Title: Toward a model of grammaticality judgments
Author: Markus Bader
Email: click here TO access email
Institution: Johann Wolfgang Goethe Universität Frankfurt am Main
Author: Jana Häussler
Institution: Universität Konstanz
Linguistic Field: Cognitive Science; Psycholinguistics
Abstract: This paper presents three experiments that investigate the relationship between gradient and binary judgments of grammaticality. In the first two experiments, two different groups of participants judged sentences by the method of magnitude estimation and by the method of speeded grammaticality judgments in a single session. The two experiments involved identical sentence materials but they differed in the order in which the two procedures were applied.

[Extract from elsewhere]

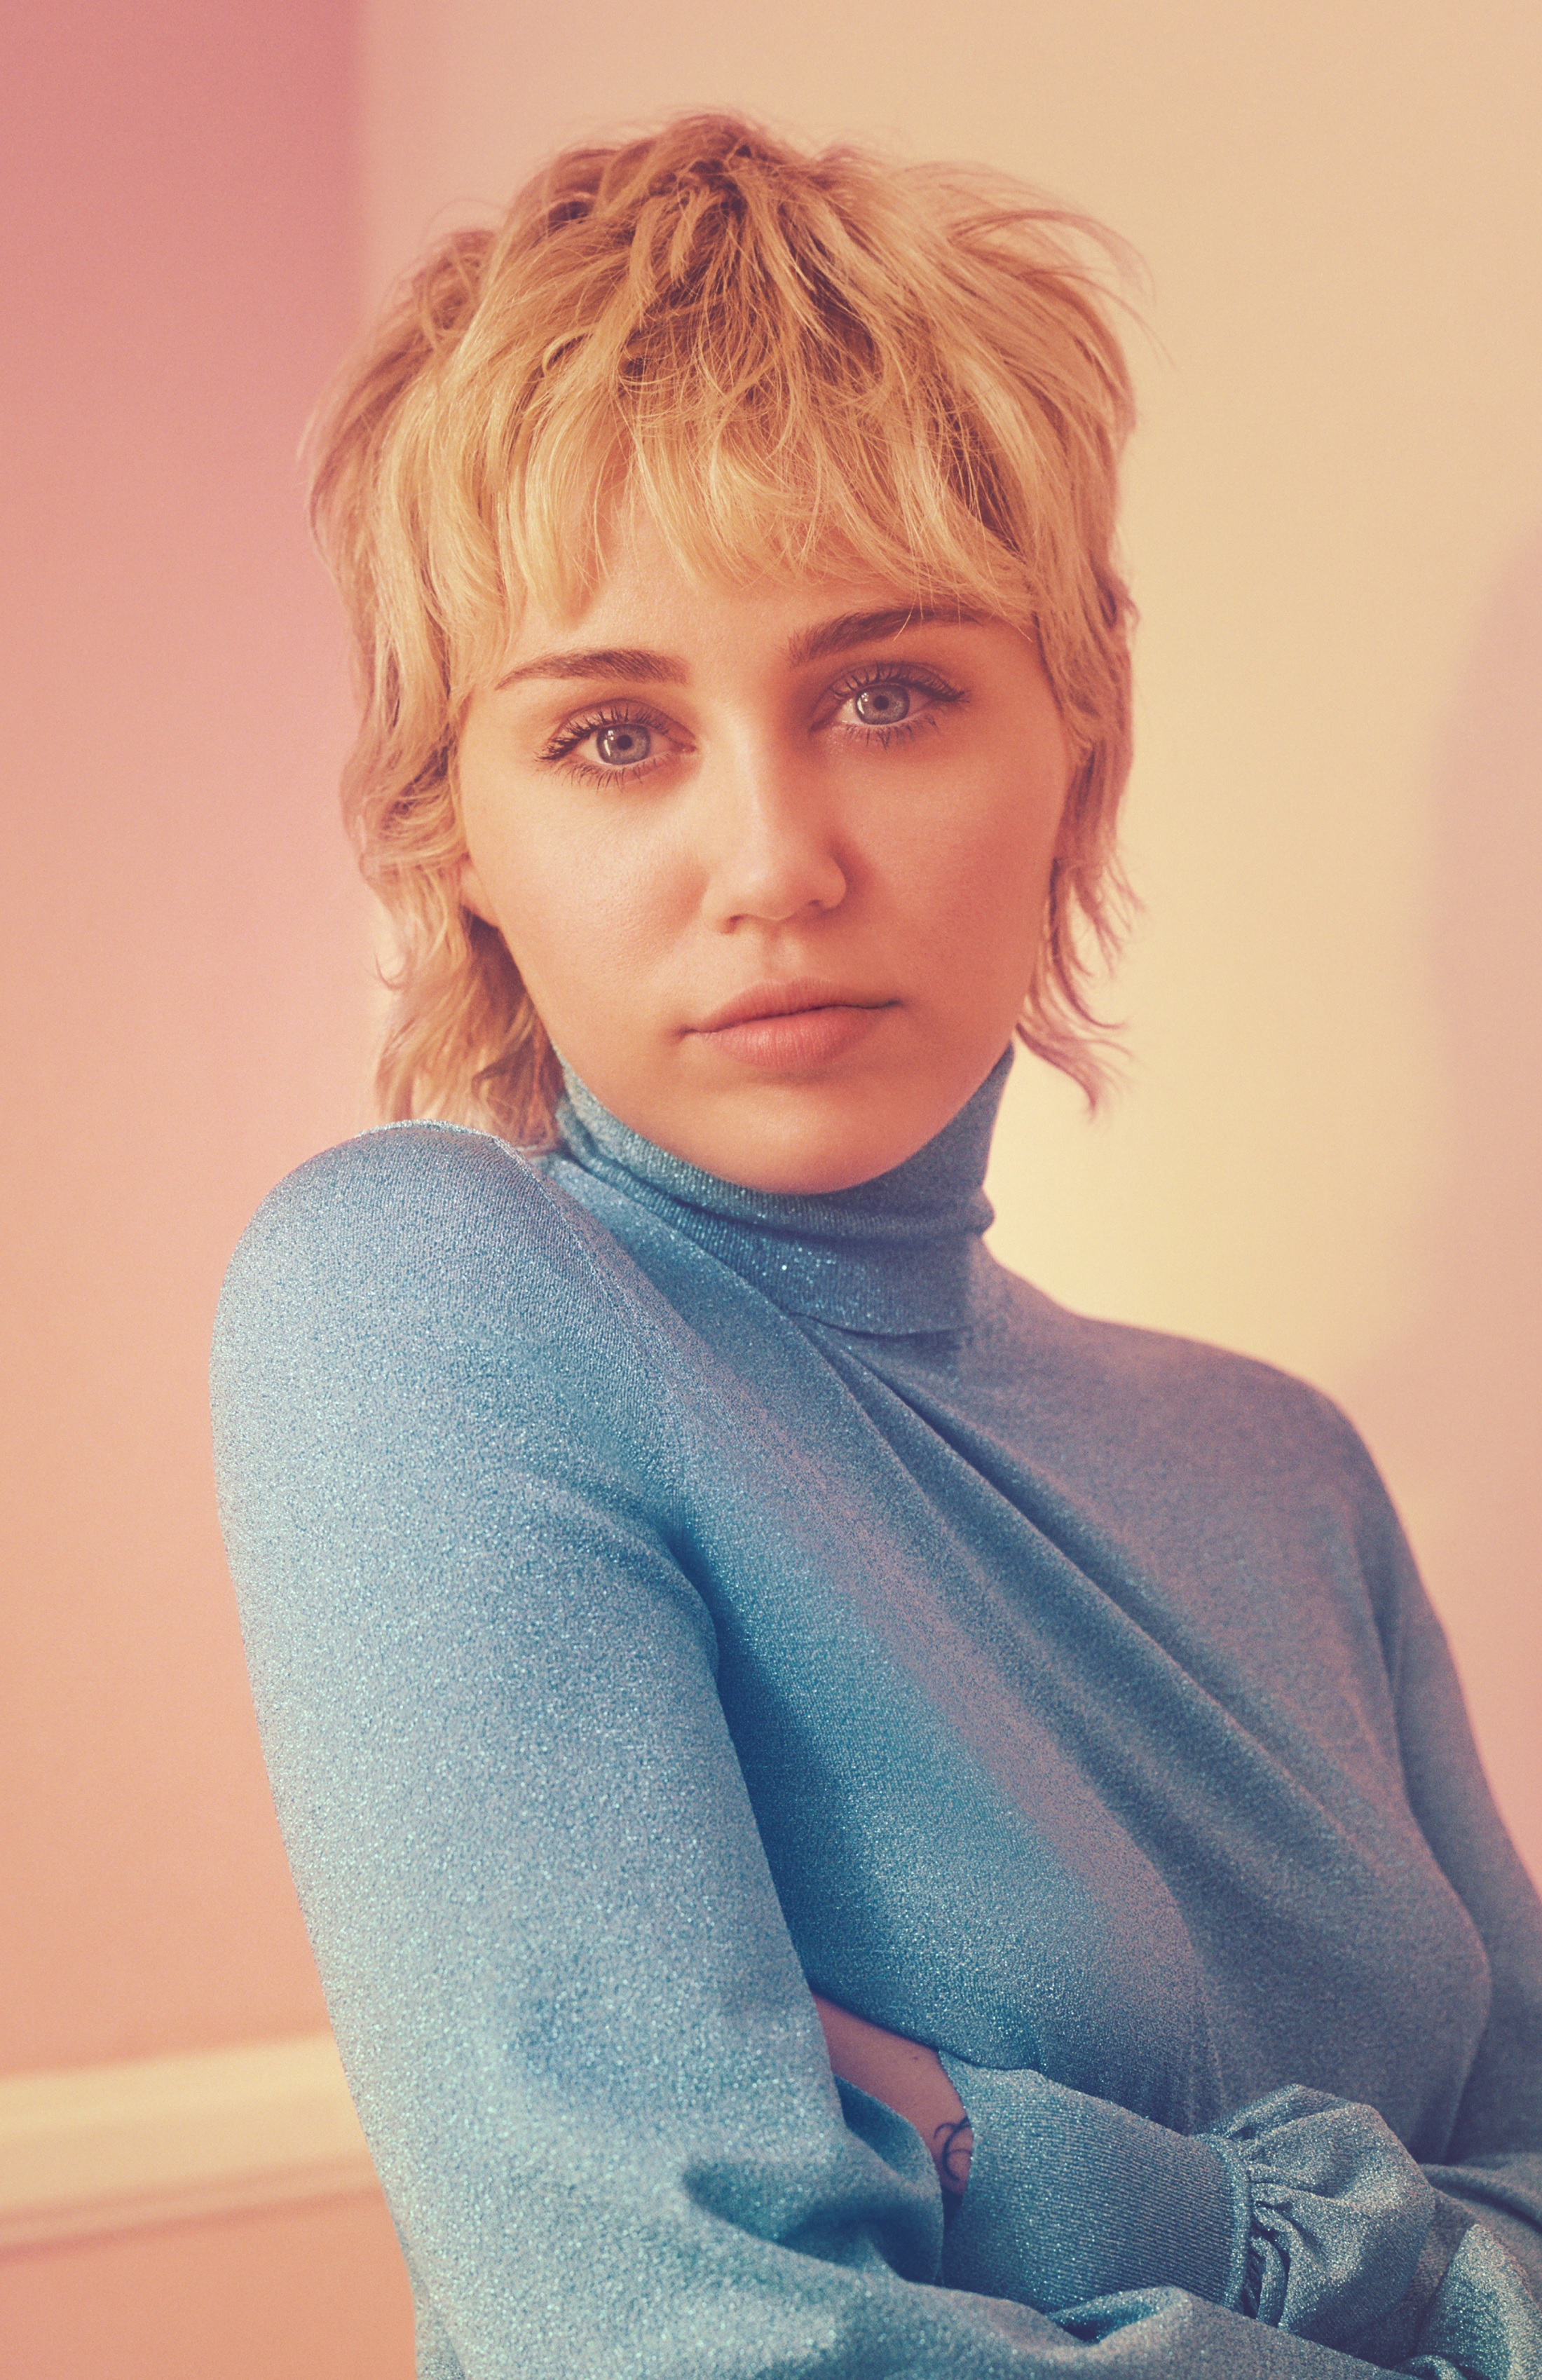 Miley Cyrus as the New Face of Gucci Flora Gardenia New Fragrances

The results show a high correlation between the magnitude estimation data and the speeded grammaticality judgments data, both within a session and across the two sessions. The third experiment was a questionnaire study in which participants judged the same sentences as either grammatical or ungrammatical without time pressure. This experiment yielded results quite similar to those of the other two experiments. Thus gradient and binary judgments both provide valuable and reliable sources for linguistic theory when assessed in an experimentally controlled way. We present a model based on Signal Detection Theory which specifies how gradient grammaticality scores are mapped to binary grammaticality judgments. Finally, we compare our experimental results to existing corpus data in order to inquire into the relationship between grammaticality and frequency of usage.